┌──

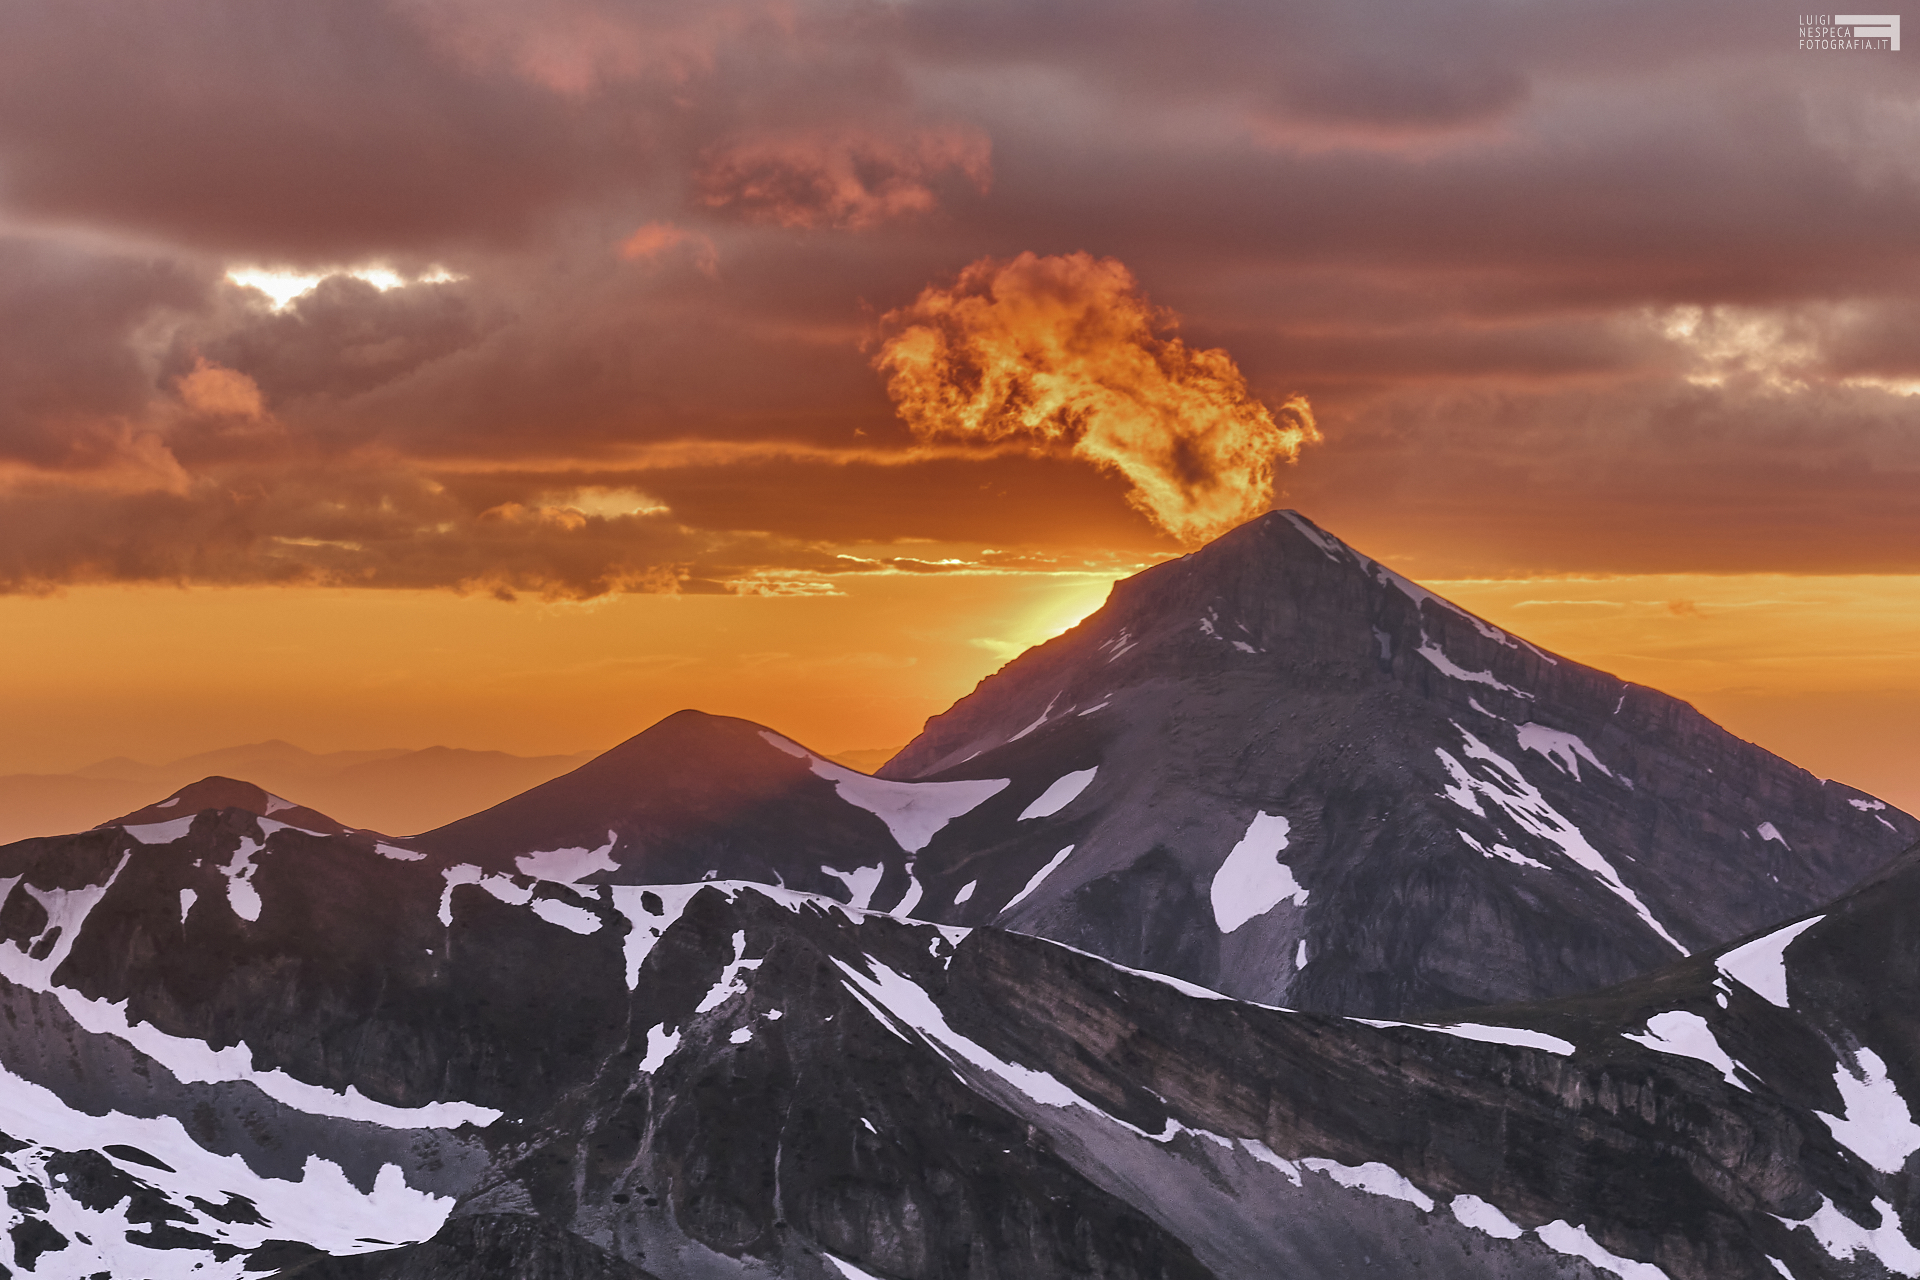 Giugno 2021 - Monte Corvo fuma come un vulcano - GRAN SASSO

└──
┌──

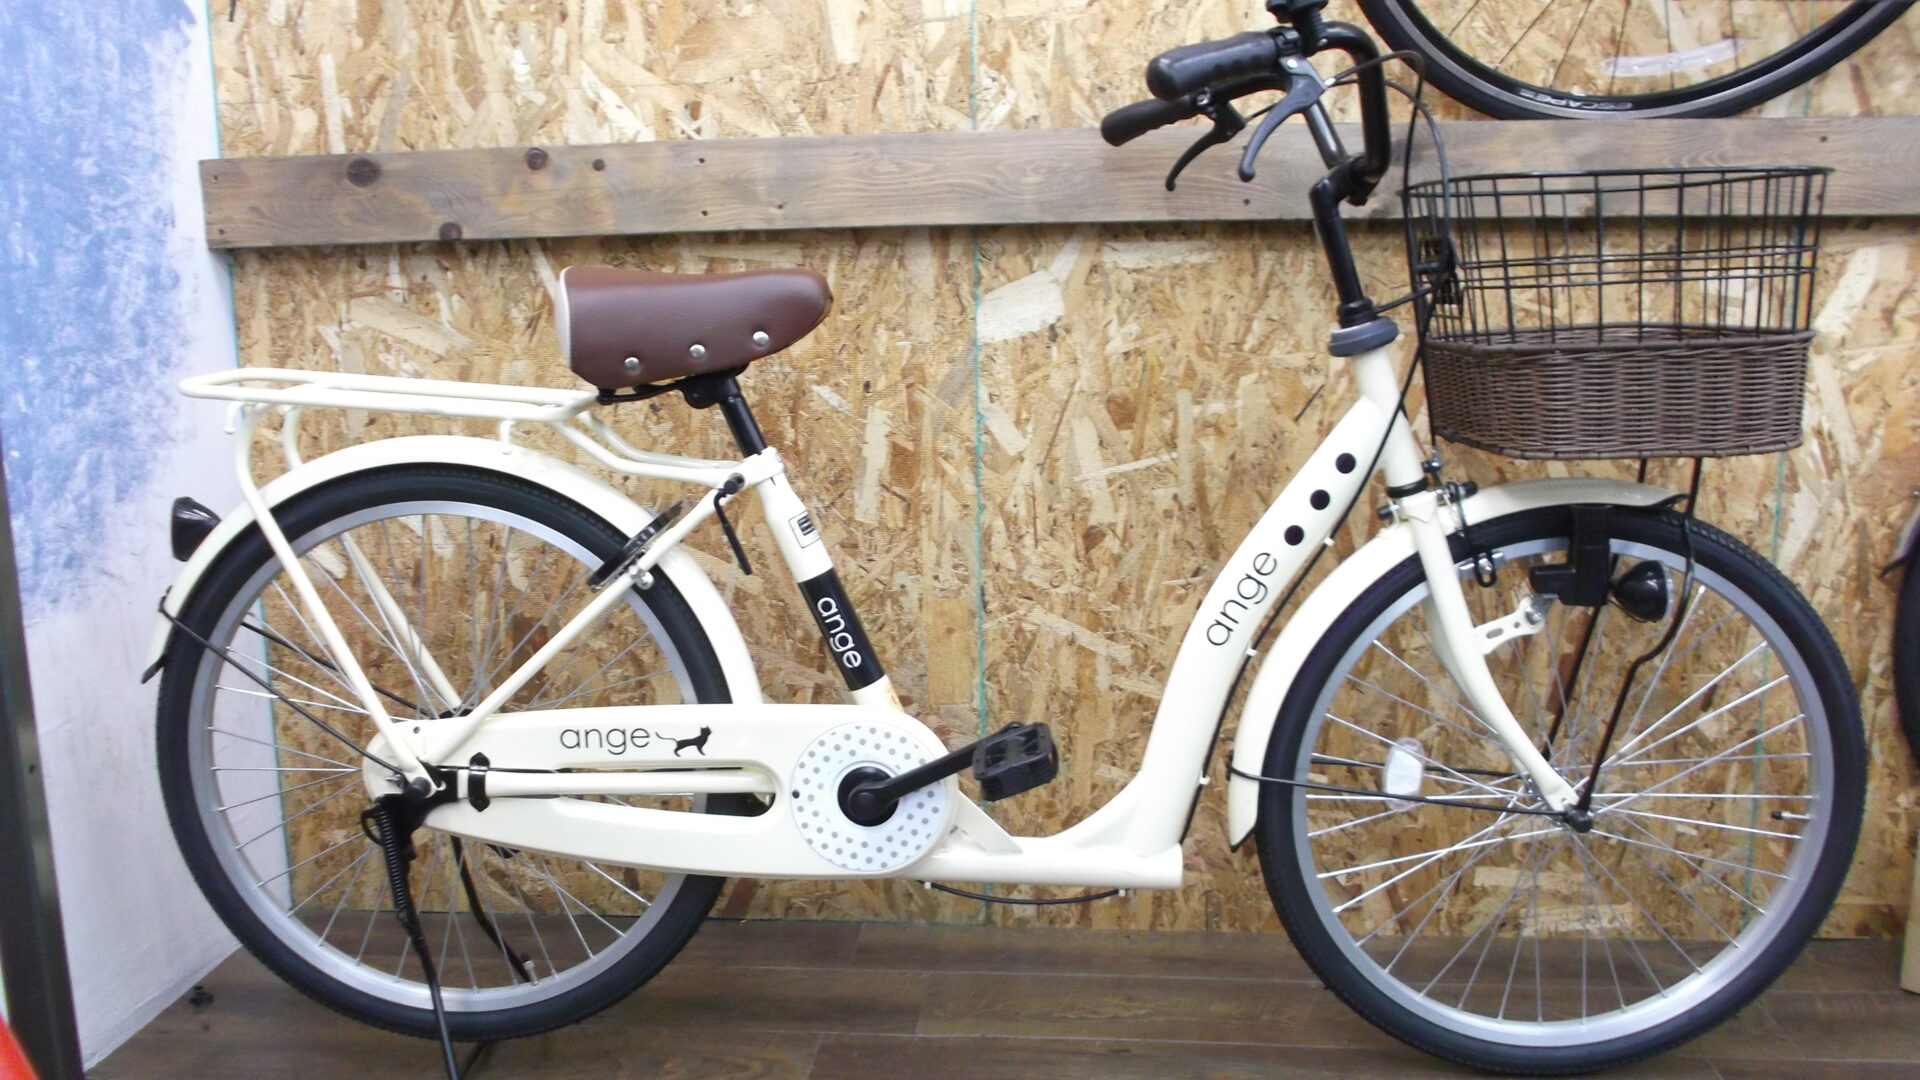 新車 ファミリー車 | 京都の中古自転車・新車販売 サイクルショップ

└──
┌──

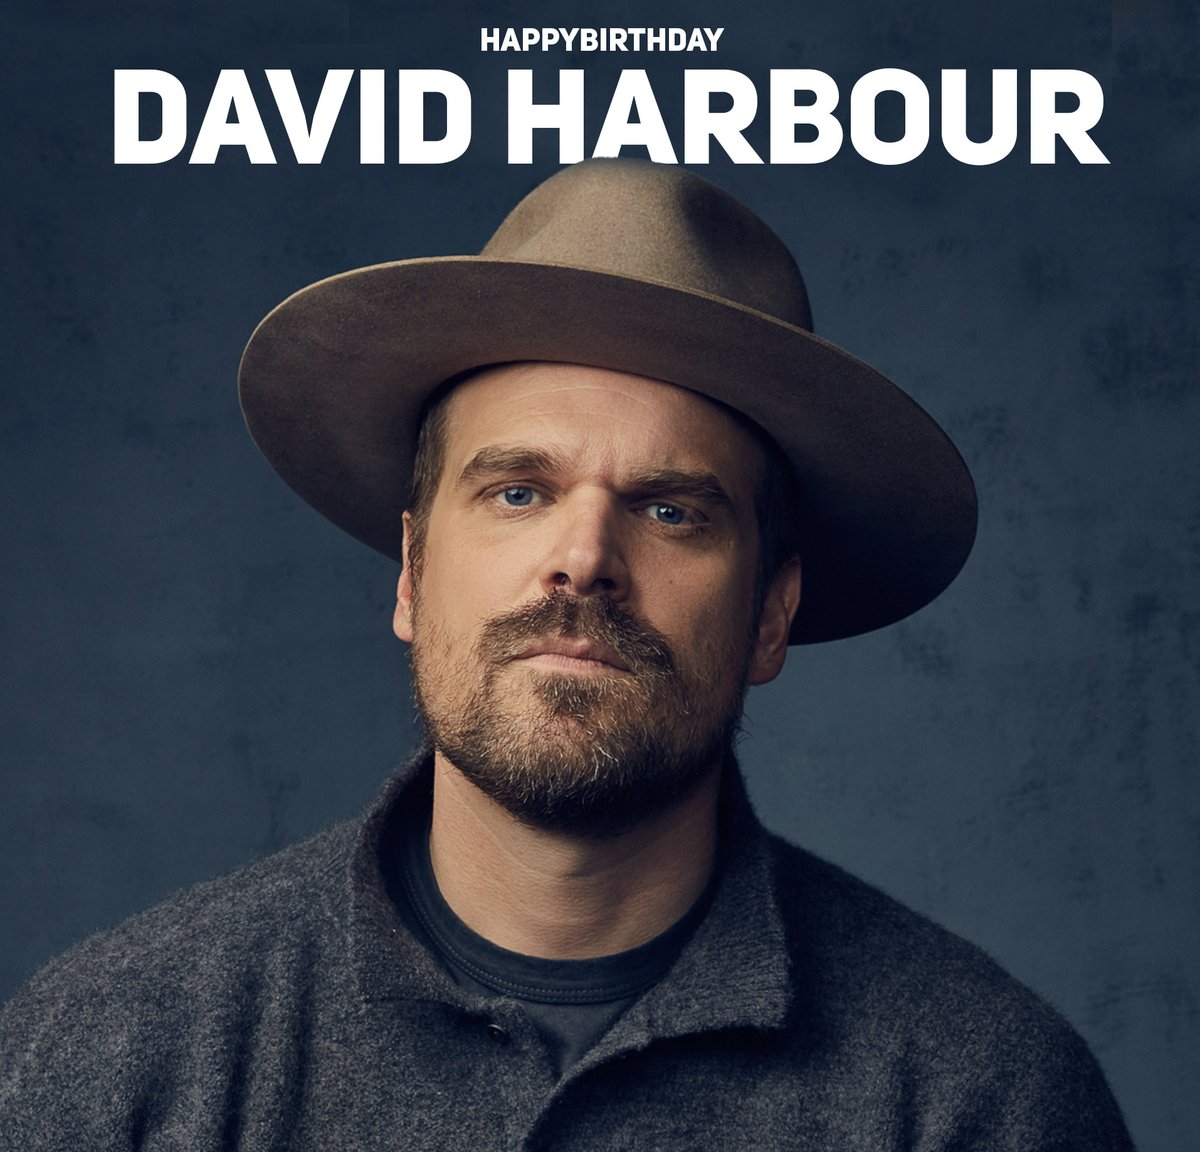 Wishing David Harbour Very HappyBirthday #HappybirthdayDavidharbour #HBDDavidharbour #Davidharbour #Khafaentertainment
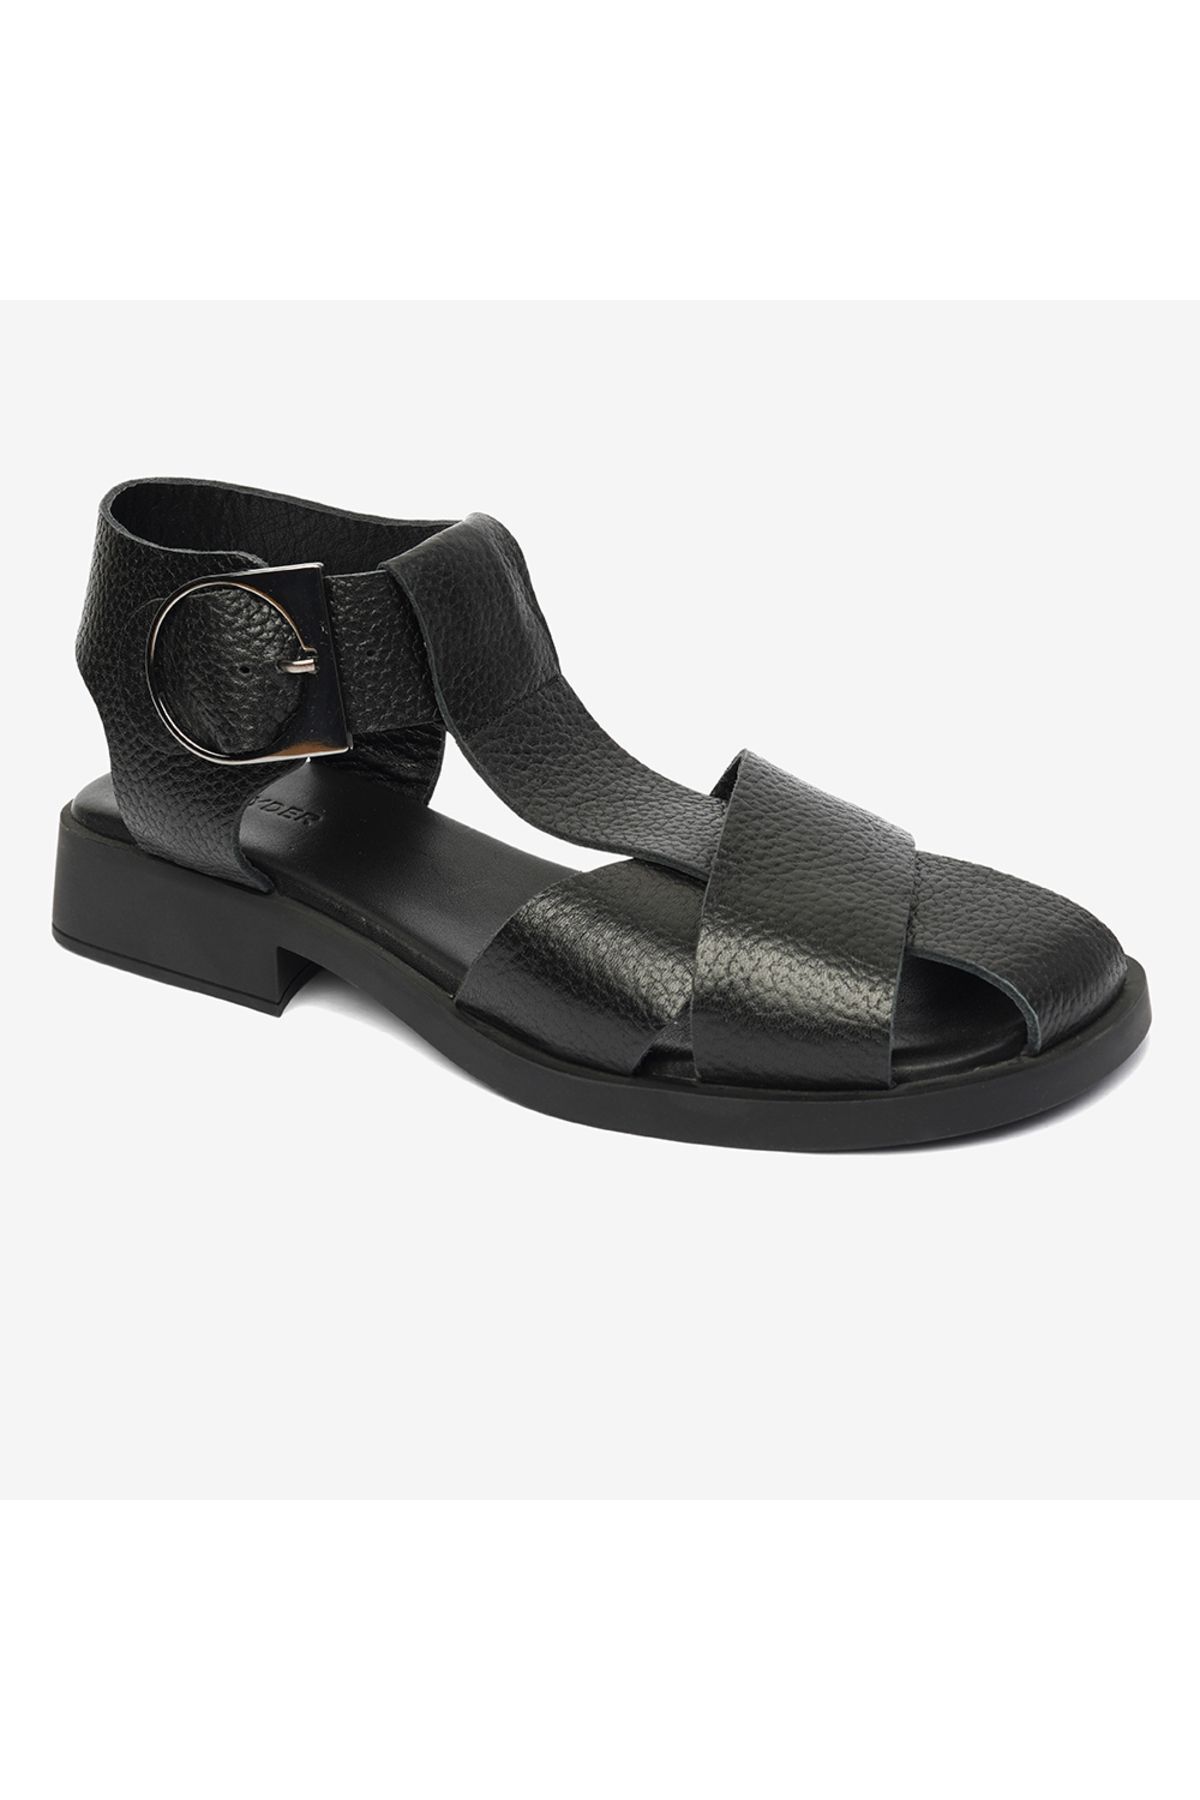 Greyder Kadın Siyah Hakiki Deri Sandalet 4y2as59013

└──

* How to complete this task:
How would the lines above read from the one with "Wishing David Harbour" to the one with "Greyder Kadın Siyah", inclusive, with no pictures? Write them out exactly.

* Task response:
 Wishing David Harbour Very HappyBirthday #HappybirthdayDavidharbour #HBDDavidharbour #Davidharbour #Khafaentertainment
 Greyder Kadın Siyah Hakiki Deri Sandalet 4y2as59013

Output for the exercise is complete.